───── Data below
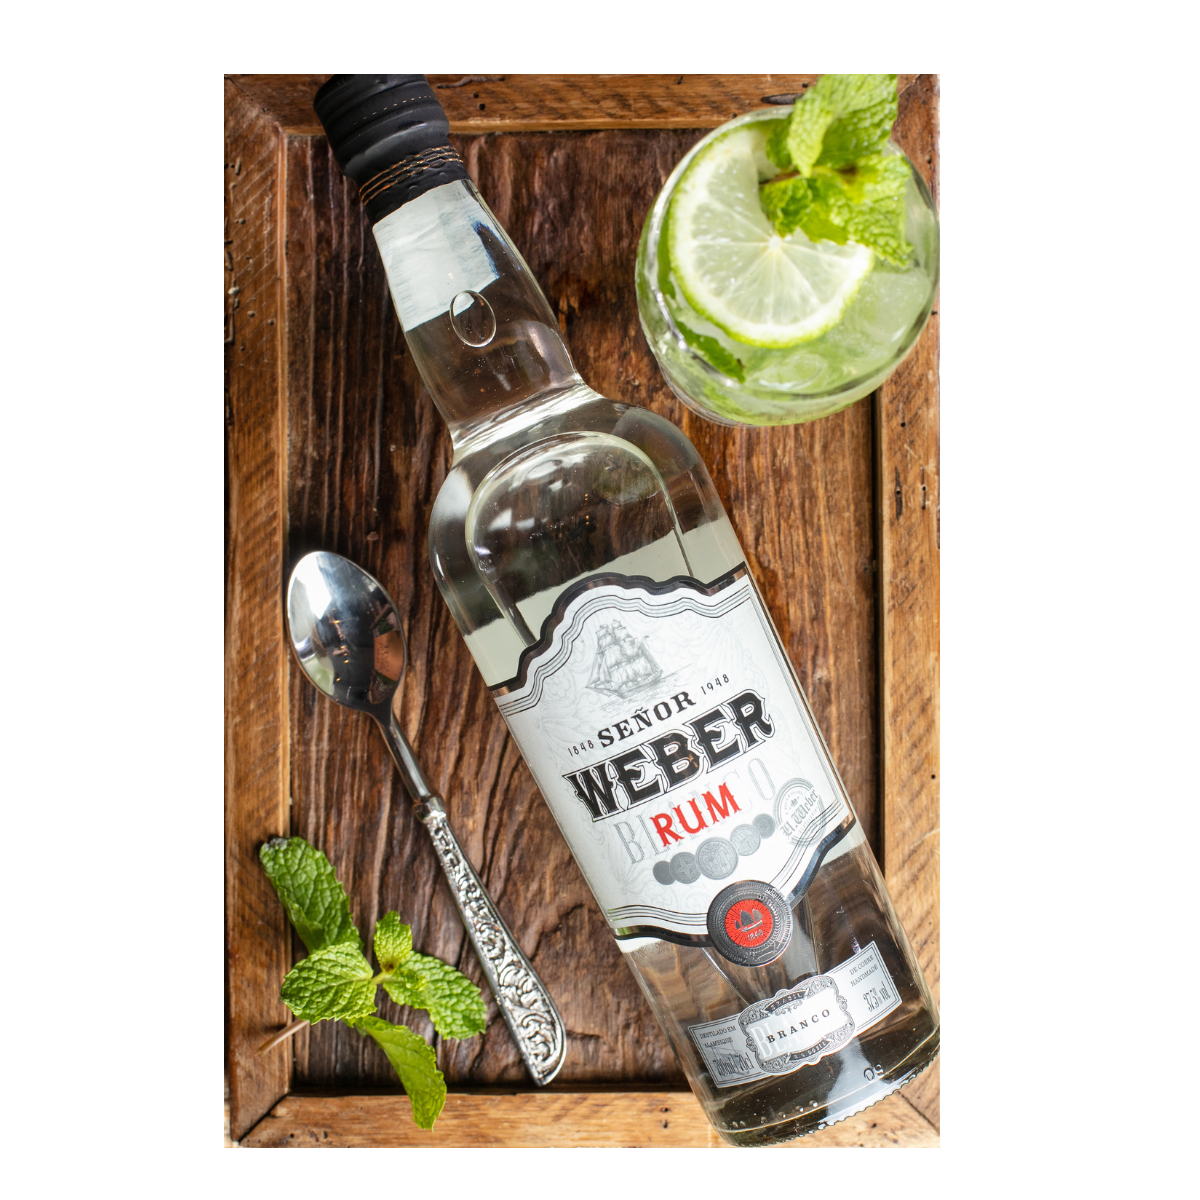 Rum Weber Haus Señor Weber Blanco 700ml 37,5%
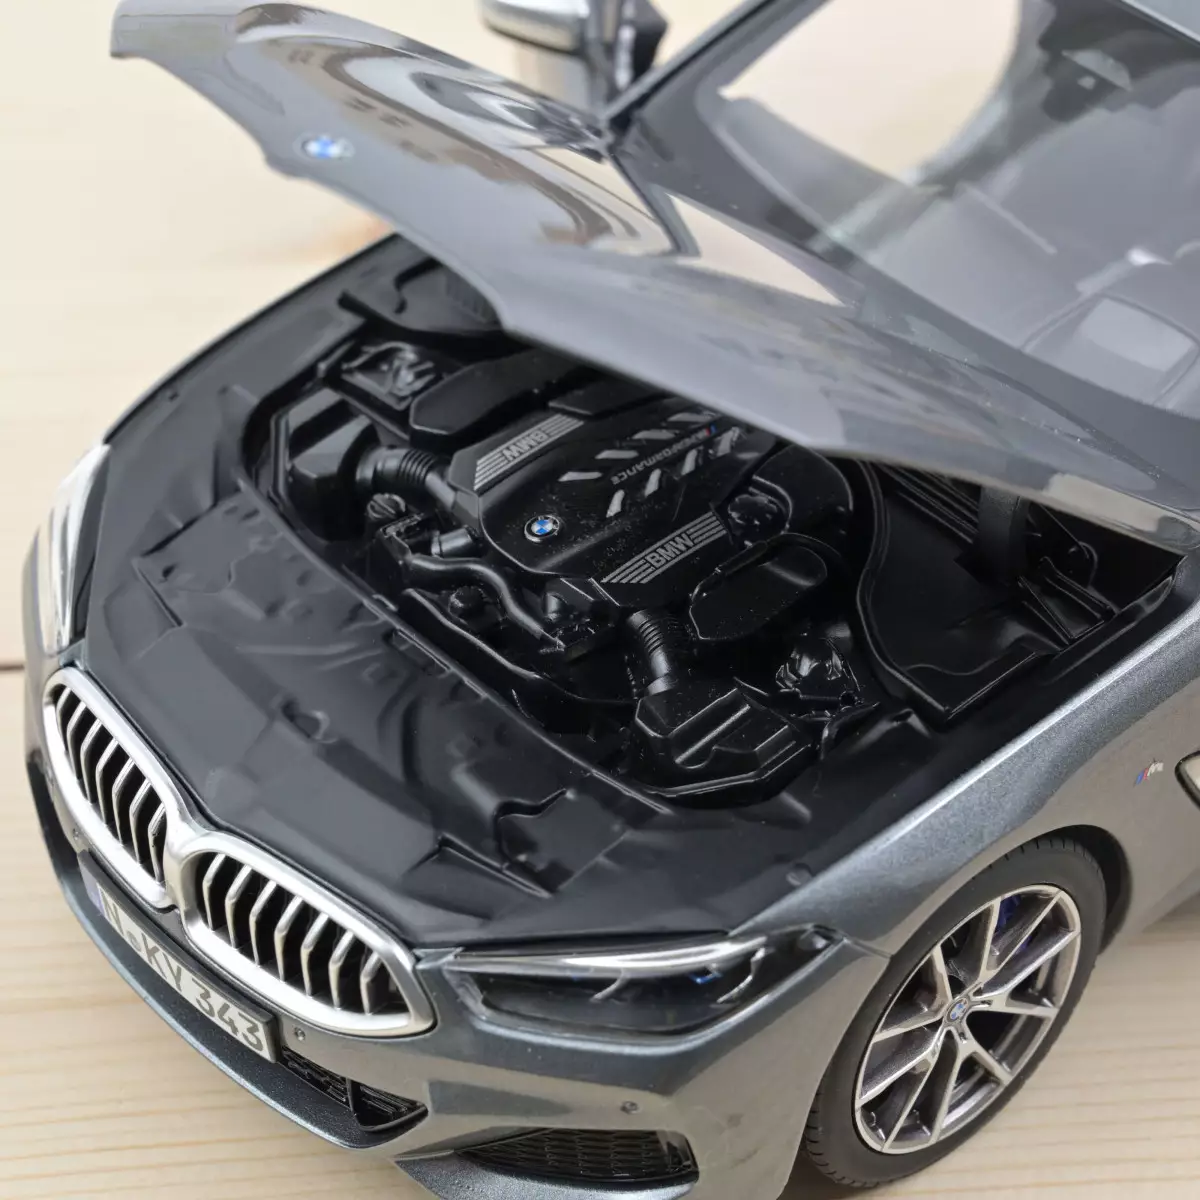 BMW M850i 2019 grau metallic 1:18 Limitiert auf 200 Stück
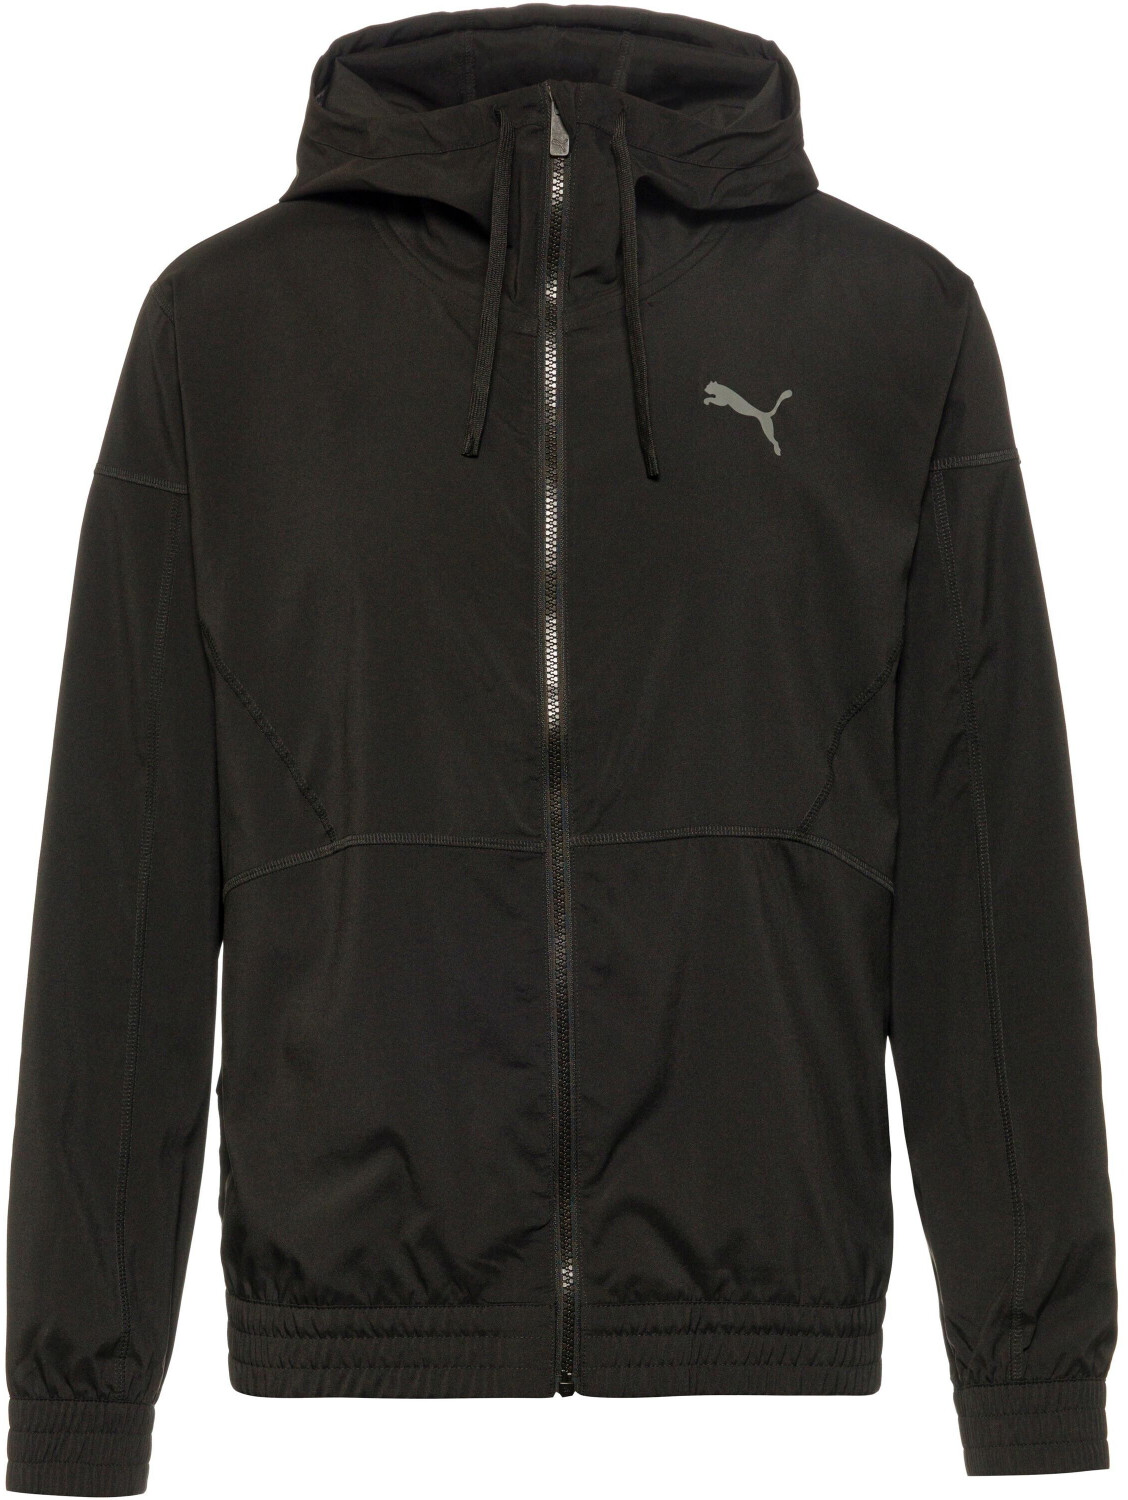 Puma Fit Men\'s Training Jacket ab bei 34,00 | dark € gray (522128) puma black/cool Preisvergleich
──────────
If the data includes images, omit them, and set down everything else exactly as above.

 Rum Weber Haus Señor Weber Blanco 700ml 37,5%
 BMW M850i 2019 grau metallic 1:18 Limitiert auf 200 Stück
 Puma Fit Men\'s Training Jacket ab bei 34,00 | dark € gray (522128) puma black/cool Preisvergleich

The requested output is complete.